Permettez, monseigneur, que votre nom soit publié au premier rang de ceux qui auront daigné aider les défenseurs de l’innocence à la secourir contre l’oppression. Les bienfaiteurs de l’humanité doivent être connus. Leur nom sera cher à tous les esprits tolérants et à toutes les âmes sensibles.
Je suis persuadé que votre altesse sérénissime sera touchée après avoir lu seulement la page qui expose le malheur des Sirven. Plusieurs personnes se sont réunies dans le dessein de poursuivre cette affaire comme celle des Calas. Nous ne demandons qu’un léger secours. Nous savons que vos sujets ont le premier droit à vos générosités. La moindre marque de vos bontés sera précieuse. Que ne puis-je les venir implorer moi-même, et être témoin du bonheur qu’on goûte dans vos Etats ! Je suis réduit à ne vous présenter que de loin le profond respect et le dévouement inviolable avec lequel je serai jusqu’au dernier moment de ma vie, etc.
à M. le marquis d’Argence de Dirac.
21 Juin 1766 (1).
M. Boursier me mande, mon respectable philosophe, qu’il vous a dépêché par la voie de Lyon et de Limoges un petit paquet de raretés du pays. Je vous en donne avis, quoiqu’il soit vraisemblable que vous recevrez le paquet avant ma lettre. Les paquets vont en droiture, et les lettres passent par Paris, ce qui fait cent lieues de plus, et opère un retardement considérable, sujet à beaucoup d’inconvénients.
M. Boursier m’assure qu’il aura toujours soin de vous faire parvenir toutes les choses que vous paraissez désirer ; il vous est tendrement attaché. Il est vrai qu’on peut lui reprocher un peu de paresse ; mais on doit l’excuser : il traîne une vie fort languissante et est très rarement en état d’écrire.
Je reçois dans ce moment une de vos lettres, par laquelle vous me mandez que princes et princesses peuvent passer dans nos déserts. Ces déserts sont bien indignes d’eux ; il n’y a plus de théâtre : les ailes qu’on bâtit ne sont pas encore achevées ; le prieur du couvent est malade, la prieure aussi ; ils seraient désespérés tous deux de ne pouvoir recevoir de tels hôtes d’une manière qui pût leur plaire. Le voisinage est très triste. Cependant, si les dieux s’avisaient de descendre dans ces hameaux, ils trouveraient encore des Baucis et des Philémons ; mais il vaudrait encore mieux recevoir des philosophes que des princesses.

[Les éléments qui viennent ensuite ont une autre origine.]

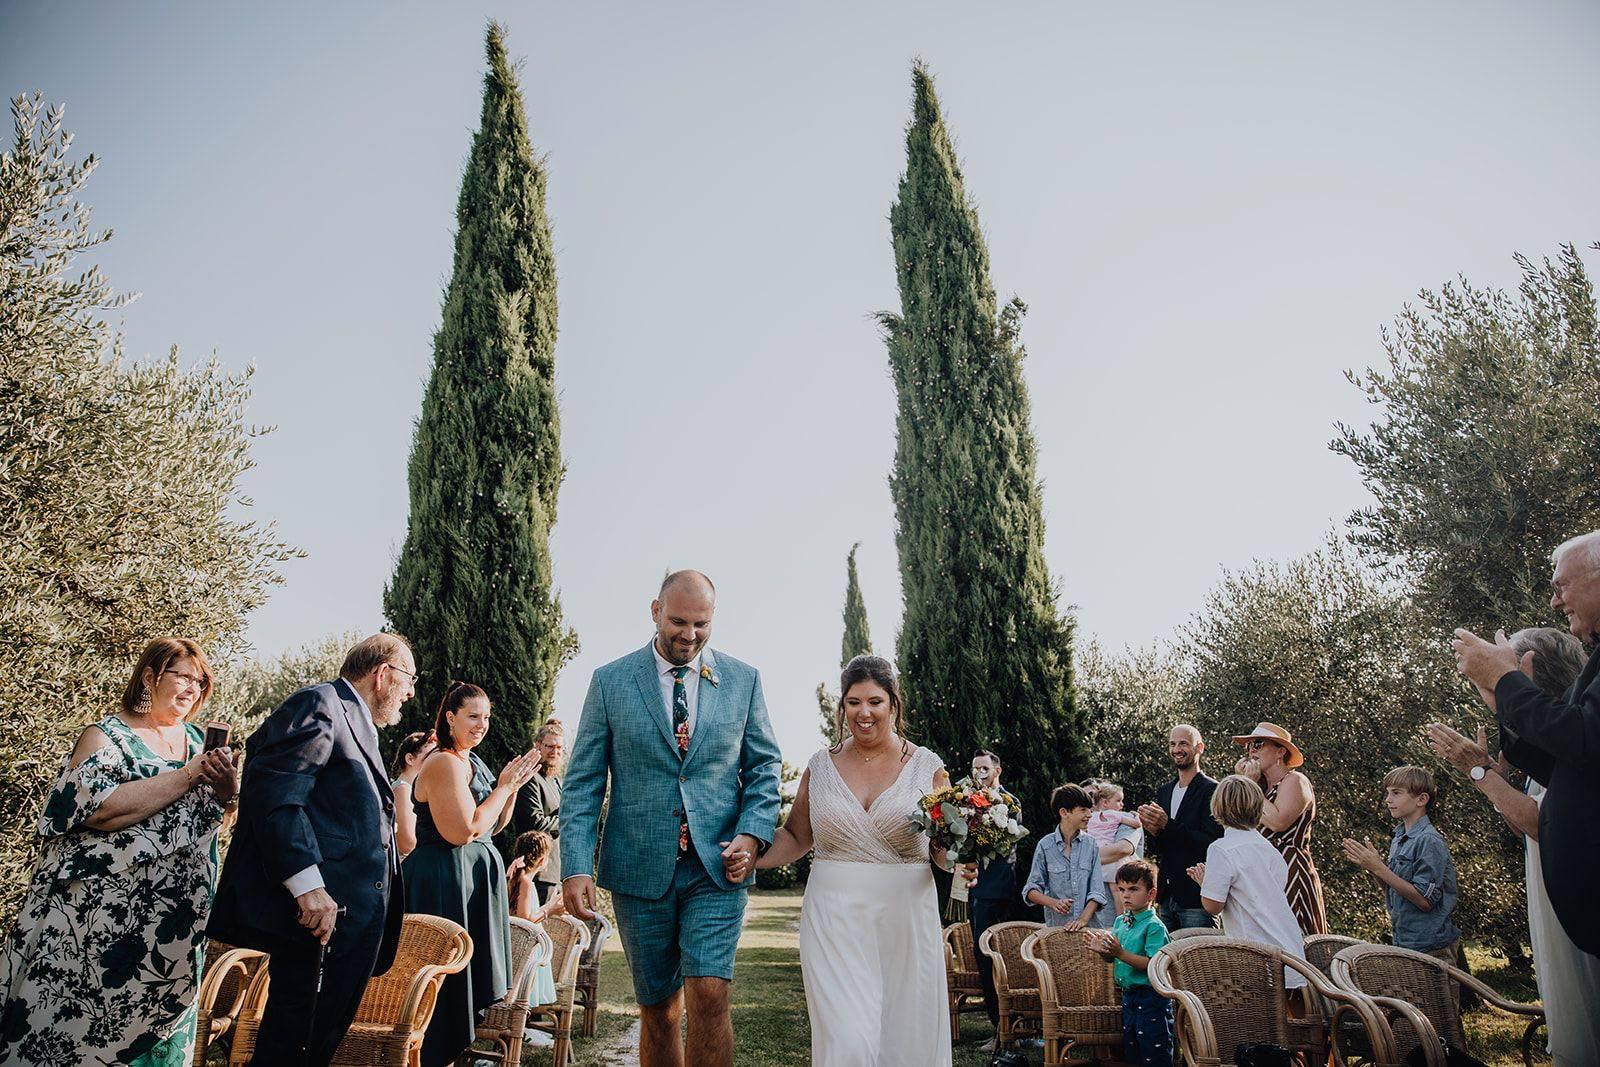 Event'L Ceremonie - Fotograaf Lux Visual Storytellers - House of Weddings 17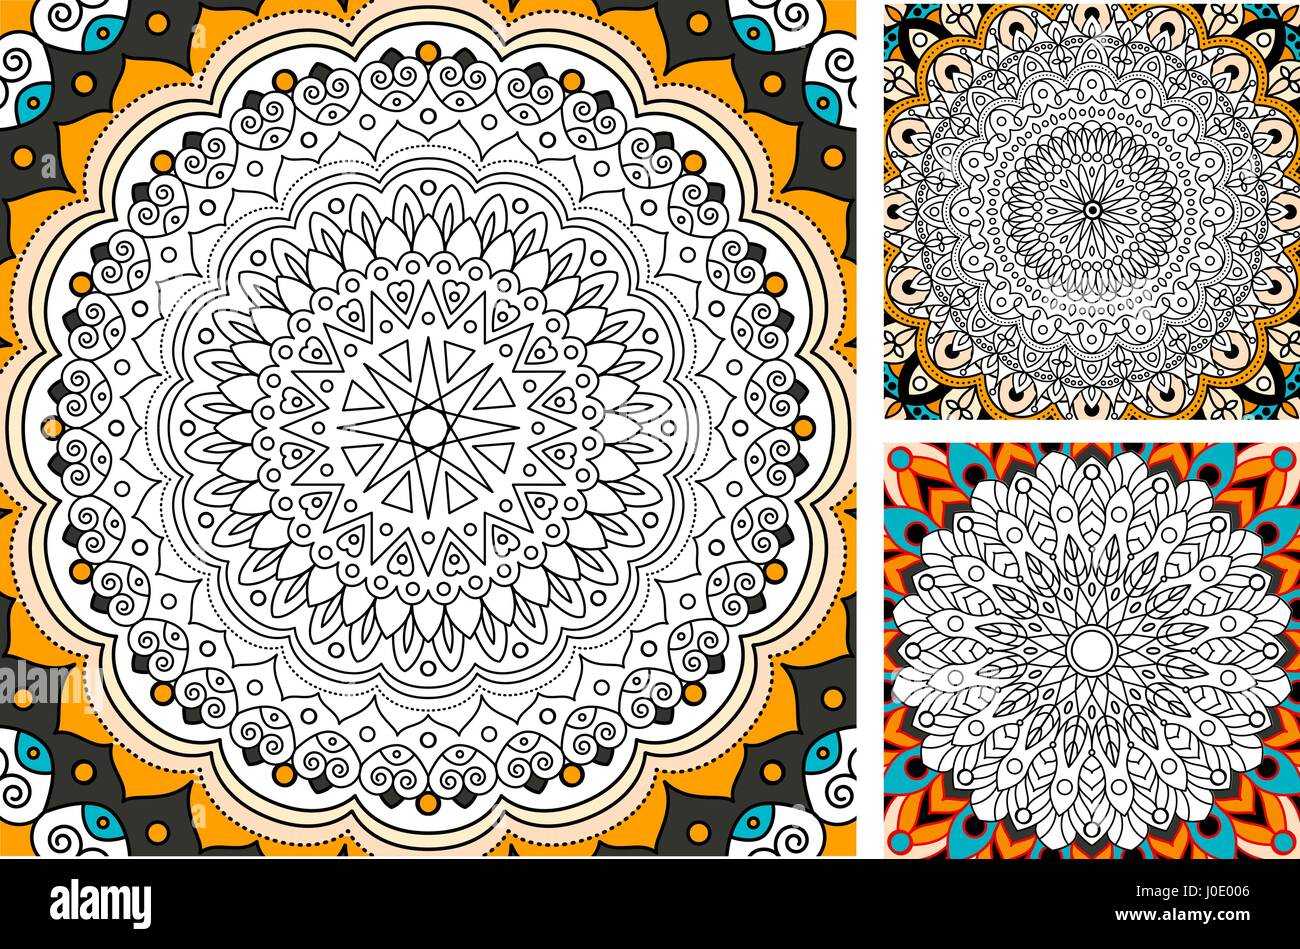 Coloriage Anti Stress Indien.Version Imprimable Page De Coloriage Antistress Pour Les

1 – Editeurs, de Cayrol et A. François. (G.A.)
à la duchesse de Saxe-Gotha.
A Ferney, par Genève, 21 Juin 1766 (1).
Madame, votre altesse sérénissime sait que mon état me permet bien rarement d’écrire ; elle daigne y compatir. L’occasion qui se présente me rend un peu de force. Il s’agit de faire du bien, de secourir des innocents infortunés et de désarmer la superstition. Qui sera à la tête de cette entreprise, si ce n’est madame la duchesse de Saxe Gotha ? Daignez lire ce mémoire, madame, et votre cœur généreux sera touché.
Permettez que votre auguste nom honore la liste des princes qui veulent bien secourir la famille dont j’ai dû prendre les intérêts. La société humaine bénira tous ceux qui daigneront favoriser une si juste cause.
La ville de Genève, à laquelle votre altesse sérénissime a paru s’intéresser, est toujours dans le même état. Elle attend que les médiateurs décident de sa destinée et qu’ils lui donnent des lois, puisqu’elle n’a pas su s’en donner elle-même. Rien n’est plus divisé et plus tranquille que cette petite république. Les deux partis ennuient leurs juges par des mémoires très longs et très embrouillés. L’animosité et la haine sont respectueuses et honnêtes. Ce sont des plaideurs acharnés qui plaident poliment : ils ne sont pas assez puissants pour s’égorger.
Il en est à peu près de même dans le duché de Virtemberg. C’est tout le contraire, madame, dans vos Etats : tout y est tranquille, parce que vous y êtes adorée.
Je me flatte, madame, que votre santé s’est raffermie dans le printemps, et que vous êtes toujours aussi heureuse que vous méritez de l’être. Toute votre auguste famille contribue à votre félicité ; je fais toujours mille vœux pour elle. Je n’oublie jamais la grande maîtresse des cœurs. Daignez me conserver des bontés qui font la consolation de mes derniers jours et que votre altesse sérénissime daigne agréer le profond respect et l’attachement inviolable que je lui conserverai jusqu’au dernier moment de ma vie.